◆ **PROBLEM TO SOLVE**
Among the lines of the records, find all that carry the word "民家風呂専門盗撮師の超危険映像" and copy them.

___

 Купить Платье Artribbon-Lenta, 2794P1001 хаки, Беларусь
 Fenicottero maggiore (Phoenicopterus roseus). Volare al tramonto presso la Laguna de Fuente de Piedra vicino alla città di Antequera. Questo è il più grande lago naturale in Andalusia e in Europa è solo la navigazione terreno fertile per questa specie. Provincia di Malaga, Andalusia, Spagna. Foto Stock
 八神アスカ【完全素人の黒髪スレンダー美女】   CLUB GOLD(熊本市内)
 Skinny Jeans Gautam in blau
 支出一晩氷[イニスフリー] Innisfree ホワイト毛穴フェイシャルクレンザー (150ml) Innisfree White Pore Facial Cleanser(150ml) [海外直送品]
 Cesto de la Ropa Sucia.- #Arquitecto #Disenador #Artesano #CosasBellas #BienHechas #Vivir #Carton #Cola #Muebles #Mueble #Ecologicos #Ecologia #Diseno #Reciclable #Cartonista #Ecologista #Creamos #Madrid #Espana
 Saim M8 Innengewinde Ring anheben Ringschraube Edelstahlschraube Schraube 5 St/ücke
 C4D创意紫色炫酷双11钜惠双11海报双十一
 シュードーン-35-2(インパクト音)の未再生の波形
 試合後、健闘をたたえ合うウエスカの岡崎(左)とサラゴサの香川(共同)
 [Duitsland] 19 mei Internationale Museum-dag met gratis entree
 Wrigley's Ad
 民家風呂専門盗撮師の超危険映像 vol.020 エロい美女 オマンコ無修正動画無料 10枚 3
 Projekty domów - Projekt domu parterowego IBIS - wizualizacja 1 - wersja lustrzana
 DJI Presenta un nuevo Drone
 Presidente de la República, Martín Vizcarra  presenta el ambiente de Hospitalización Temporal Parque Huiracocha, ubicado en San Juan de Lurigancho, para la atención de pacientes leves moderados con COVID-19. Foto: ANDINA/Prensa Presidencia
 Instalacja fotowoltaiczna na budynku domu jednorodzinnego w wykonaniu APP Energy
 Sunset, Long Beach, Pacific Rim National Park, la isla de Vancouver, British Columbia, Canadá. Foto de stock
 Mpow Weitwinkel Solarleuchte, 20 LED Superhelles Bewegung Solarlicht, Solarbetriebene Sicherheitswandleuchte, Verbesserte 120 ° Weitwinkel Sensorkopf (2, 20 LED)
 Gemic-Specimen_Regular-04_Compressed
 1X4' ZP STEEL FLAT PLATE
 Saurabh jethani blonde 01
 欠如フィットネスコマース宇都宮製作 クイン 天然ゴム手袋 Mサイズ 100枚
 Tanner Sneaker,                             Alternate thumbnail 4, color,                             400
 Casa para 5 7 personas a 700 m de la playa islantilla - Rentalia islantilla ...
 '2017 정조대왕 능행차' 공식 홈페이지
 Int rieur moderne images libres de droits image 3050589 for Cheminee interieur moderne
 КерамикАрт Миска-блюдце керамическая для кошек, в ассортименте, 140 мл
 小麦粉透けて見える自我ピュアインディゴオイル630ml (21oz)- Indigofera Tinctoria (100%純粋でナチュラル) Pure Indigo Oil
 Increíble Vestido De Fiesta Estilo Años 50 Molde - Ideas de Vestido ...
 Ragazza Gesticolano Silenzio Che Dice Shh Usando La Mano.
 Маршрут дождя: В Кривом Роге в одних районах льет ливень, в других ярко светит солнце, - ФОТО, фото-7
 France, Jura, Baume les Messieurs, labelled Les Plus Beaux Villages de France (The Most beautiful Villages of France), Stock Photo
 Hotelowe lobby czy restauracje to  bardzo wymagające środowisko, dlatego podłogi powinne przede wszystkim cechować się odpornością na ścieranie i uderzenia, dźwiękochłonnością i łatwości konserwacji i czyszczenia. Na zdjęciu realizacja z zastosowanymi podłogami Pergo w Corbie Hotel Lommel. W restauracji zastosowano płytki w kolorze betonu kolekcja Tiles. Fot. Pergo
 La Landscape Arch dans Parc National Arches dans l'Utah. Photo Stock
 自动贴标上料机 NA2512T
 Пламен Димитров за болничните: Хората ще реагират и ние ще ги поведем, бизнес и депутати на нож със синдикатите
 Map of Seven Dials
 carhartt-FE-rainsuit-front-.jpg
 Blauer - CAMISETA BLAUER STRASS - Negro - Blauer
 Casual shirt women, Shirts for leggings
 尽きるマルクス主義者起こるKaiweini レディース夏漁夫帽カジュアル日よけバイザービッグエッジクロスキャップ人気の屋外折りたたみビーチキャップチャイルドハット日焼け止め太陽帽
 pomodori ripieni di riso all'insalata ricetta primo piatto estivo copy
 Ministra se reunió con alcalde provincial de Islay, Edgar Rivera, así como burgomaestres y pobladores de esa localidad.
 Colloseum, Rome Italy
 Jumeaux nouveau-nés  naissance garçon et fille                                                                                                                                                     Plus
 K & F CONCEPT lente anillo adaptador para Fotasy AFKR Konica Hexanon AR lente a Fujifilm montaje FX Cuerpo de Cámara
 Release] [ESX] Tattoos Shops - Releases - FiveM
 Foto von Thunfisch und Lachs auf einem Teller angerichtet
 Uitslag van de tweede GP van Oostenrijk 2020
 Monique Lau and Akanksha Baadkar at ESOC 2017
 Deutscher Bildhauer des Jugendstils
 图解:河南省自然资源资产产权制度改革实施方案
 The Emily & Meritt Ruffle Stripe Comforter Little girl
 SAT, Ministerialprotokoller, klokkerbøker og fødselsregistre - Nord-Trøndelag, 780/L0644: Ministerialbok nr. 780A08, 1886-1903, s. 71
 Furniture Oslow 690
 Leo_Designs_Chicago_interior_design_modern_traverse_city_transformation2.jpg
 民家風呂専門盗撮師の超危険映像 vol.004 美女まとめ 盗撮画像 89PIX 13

___

◆ **EXERCISE RESPONSE**
 民家風呂専門盗撮師の超危険映像 vol.020 エロい美女 オマンコ無修正動画無料 10枚 3
 民家風呂専門盗撮師の超危険映像 vol.004 美女まとめ 盗撮画像 89PIX 13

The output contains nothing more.